L'homme se tient sur une brèche, dans l'intervalle entre le passé révolu
et l'avenir inconnaissable. Il ne peut s'y tenir que dans la mesure où
il pense, brisant ainsi, par sa résistance aux forces du passé infini et
du futur infini, le flux du temps indifférent.
Chaque génération nouvelle, chaque homme nouveau doit redécouvrir
laborieusement l'activité de pensée. Longtemps, pour ce faire, on put
recourir à la tradition. Or nous vivons, à l'âge moderne, l'usure de la
tradition, la crise de la culture.
Il ne s'agit pas de renouer le fil rompu de la tradition, ni d'inventer
quelque succédané ultra-moderne, mais de savoir s'exercer à penser pour
se mouvoir dans la brèche.
Hannah Arendt, à travers ces essais d'interprétation critique -
notamment de la tradition et des concepts modernes d'histoire,
d'autorité et de liberté, des rapports entre vérité et politique, de la
crise de l'éducation -, entend nous aider à savoir comment penser en
notre siècle.
Composé de huit essais conçus comme des "exercices de pensée politique",
cet ouvrage de la philosophe d'origine allemande Hannah Arendt tire son
unité d'un seul et difficile projet : enquêter sur l'origine des grands
concepts de la philosophie politique. Le troisième essai, consacré à la
notion d'autorité, constitue une analyse particulièrement éclairante de
la modernité, définie comme oubli des origines. En effet, l'autorité
traditionnelle se définissait par opposition à la fois à la contrainte
par force et à la persuasion par arguments. Elle n'était pas
l'autoritarisme car "là où la force est employée, l'autorité proprement
dite a échoué". Elle n'avait pas non plus besoin de se justifier. Dès
lors, si nous confondons aujourd'hui autorité et violence, et croyons
que l'autorité peut être discutée, c'est que nous avons oublié ce
qu'elle est. Remontant jusqu'à la source de ce concept et de tant
d'autres (liberté, histoire...), Arendt tente de nous délivrer d'une
amnésie préjudiciable à la compréhension de notre propre monde. Un
périple généalogique qui suppose tout de même quelques bagages assez
solides !
Hannah Arendt (1906-1975), un monde en partage : Une vie, une œuvre [1984 / France Culture]
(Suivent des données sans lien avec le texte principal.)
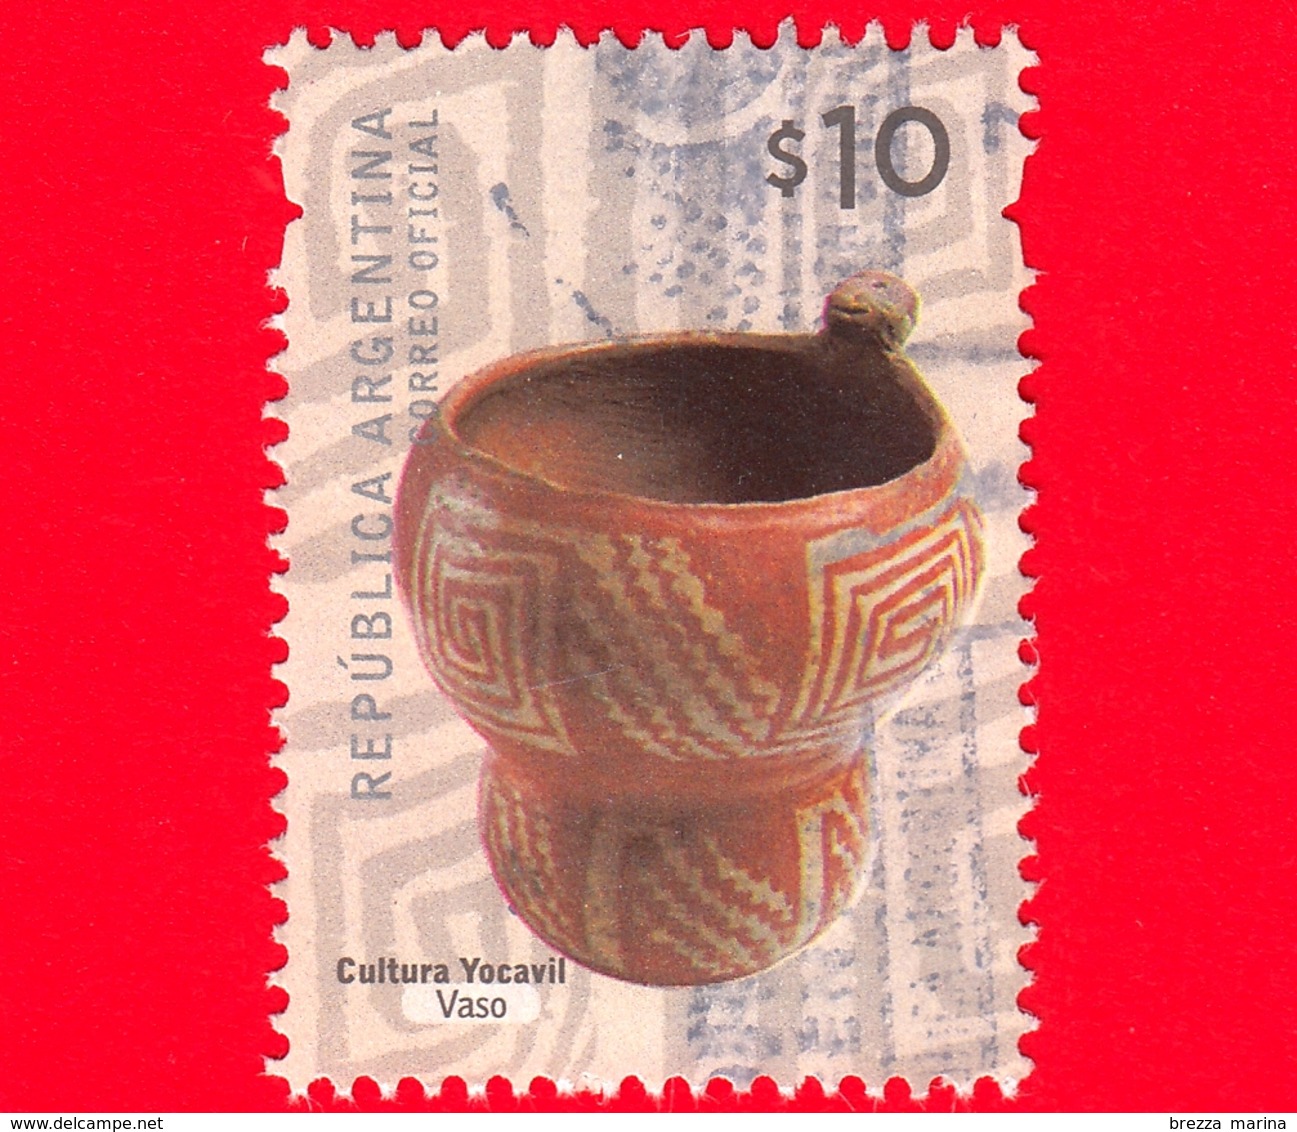 ARGENTINA - Usato - 2008 - Ceramica Cultura Yocavil - Vaso - $ 10 - Used Stamps

Hannah Arendt 1906-1975, née Johanna Arendt, est une philosophe allemande naturalisée américaine, connue pour ses travaux sur l’activité politique, le totalitarisme et la modernité.
Fille unique d'une famille aisée de juifs allemands, Hannah Arendt fait ses études à l'université de Marbourg. Elle est l'élève de Heidegger, avec qui elle noue une courte liaison, ainsi qu'une vaste correspondance qui durera jusqu'à la mort de celui-ci.
Elle ne se désignait pas elle-même comme "philosophe", mais plutôt d'après sa profession : professeur de théorie politique. Son refus de la philosophie est notamment évoqué dans "Condition de l'homme moderne" où elle considère que « la majeure partie de la philosophie politique depuis Platon s'interpréterait aisément comme une série d'essais en vue de découvrir les fondements théoriques et les moyens pratiques d'une évasion définitive de la politique. »
Ses ouvrages sur le phénomène totalitaire sont étudiés dans le monde entier et sa pensée politique et philosophique occupe une place importante dans la réflexion contemporaine. Ses livres les plus célèbres sont "Les Origines du totalitarisme" (1951), "Condition de l'homme moderne" (1958) et "La Crise de la culture" (1961). Son livre "Eichmann à Jérusalem", publié à la suite du procès d'Adolf Eichmann en 1961, a suscité des controverses.